TASK TO CARRY OUT: Of the lines below, write out exactly those from the line with "Инструкция по применению" through the line with "Lokomotivstallen på Kongsberg.", both included, and skip the rest.

----- RECORDS SHOWN

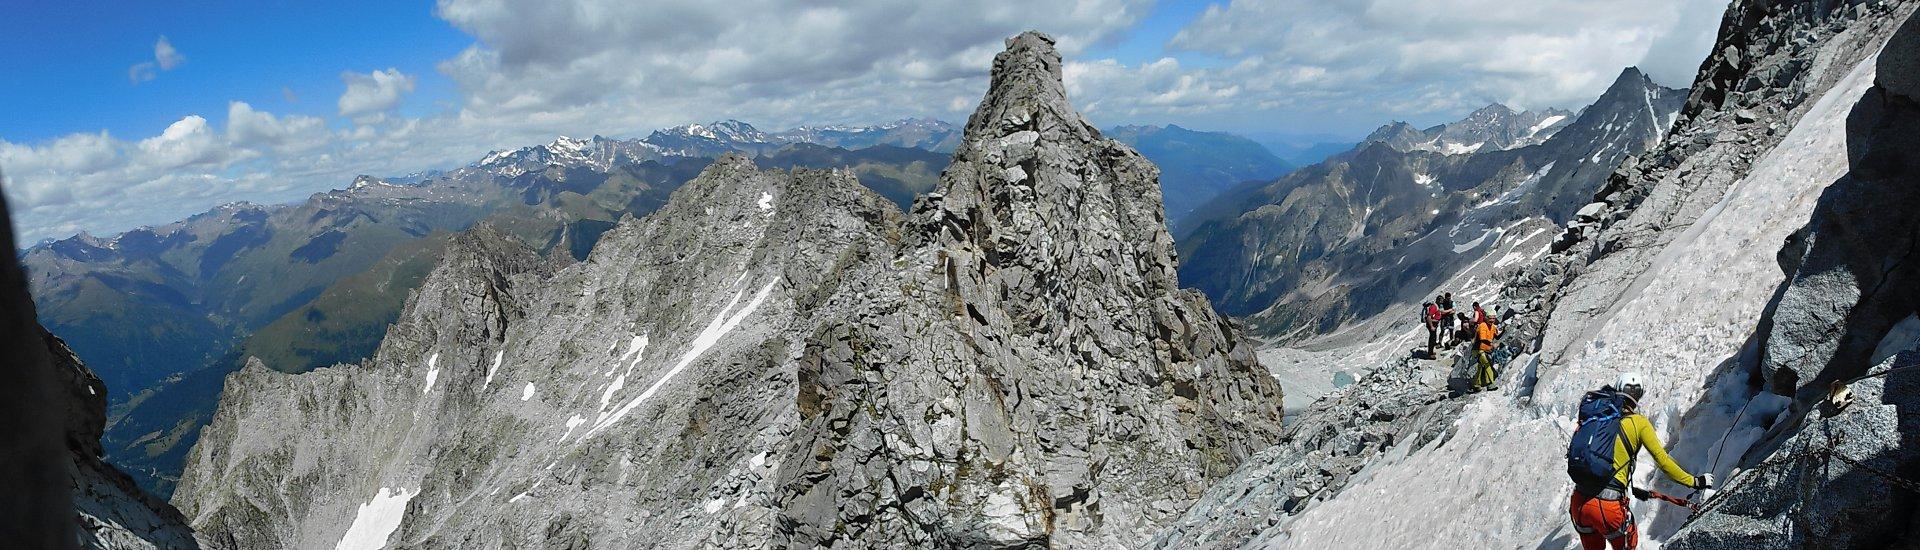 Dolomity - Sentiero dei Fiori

----------
----- RECORDS SHOWN

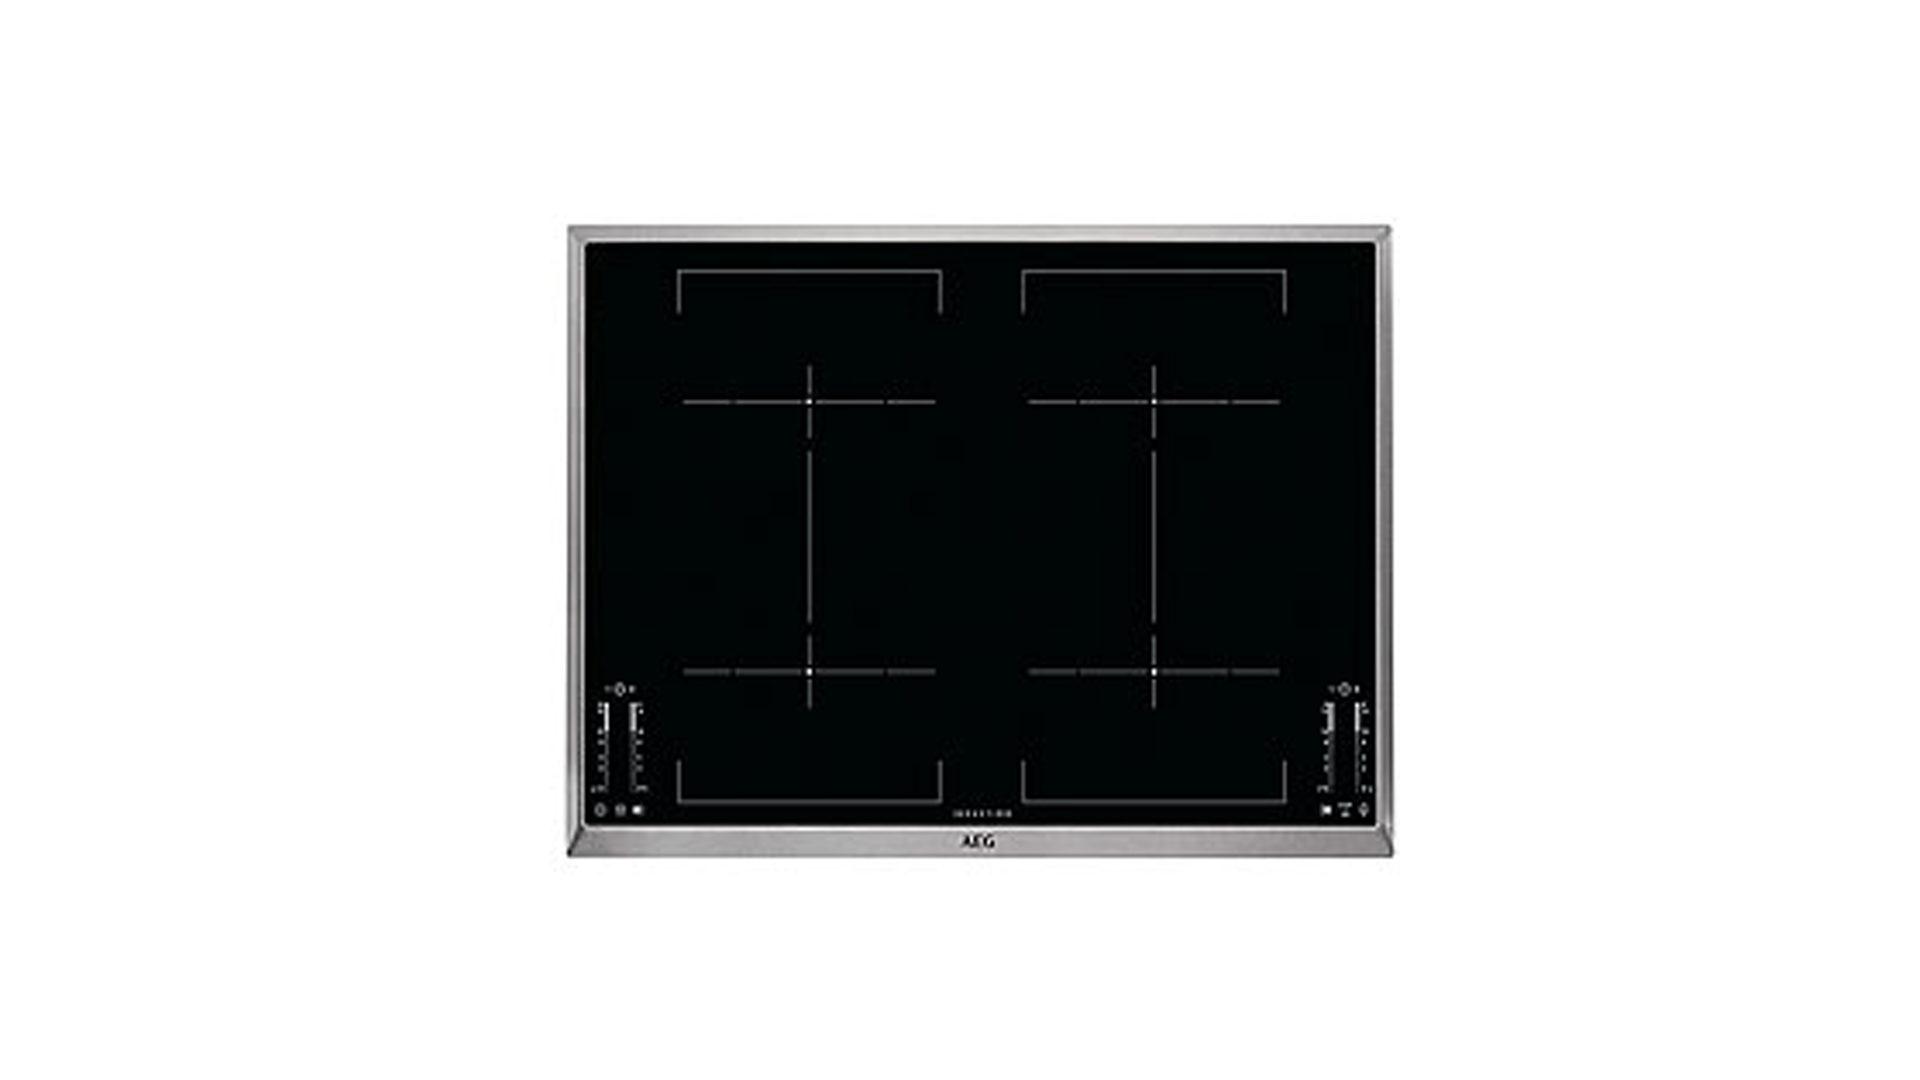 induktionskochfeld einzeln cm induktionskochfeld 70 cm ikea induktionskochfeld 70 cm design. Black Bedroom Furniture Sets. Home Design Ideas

----------
----- RECORDS SHOWN

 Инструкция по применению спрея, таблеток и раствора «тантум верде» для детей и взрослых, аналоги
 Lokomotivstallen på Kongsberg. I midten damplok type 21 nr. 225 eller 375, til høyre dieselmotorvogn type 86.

----------

SOLUTION FOR THIS TASK:
 Инструкция по применению спрея, таблеток и раствора «тантум верде» для детей и взрослых, аналоги
 Lokomotivstallen på Kongsberg. I midten damplok type 21 nr. 225 eller 375, til høyre dieselmotorvogn type 86.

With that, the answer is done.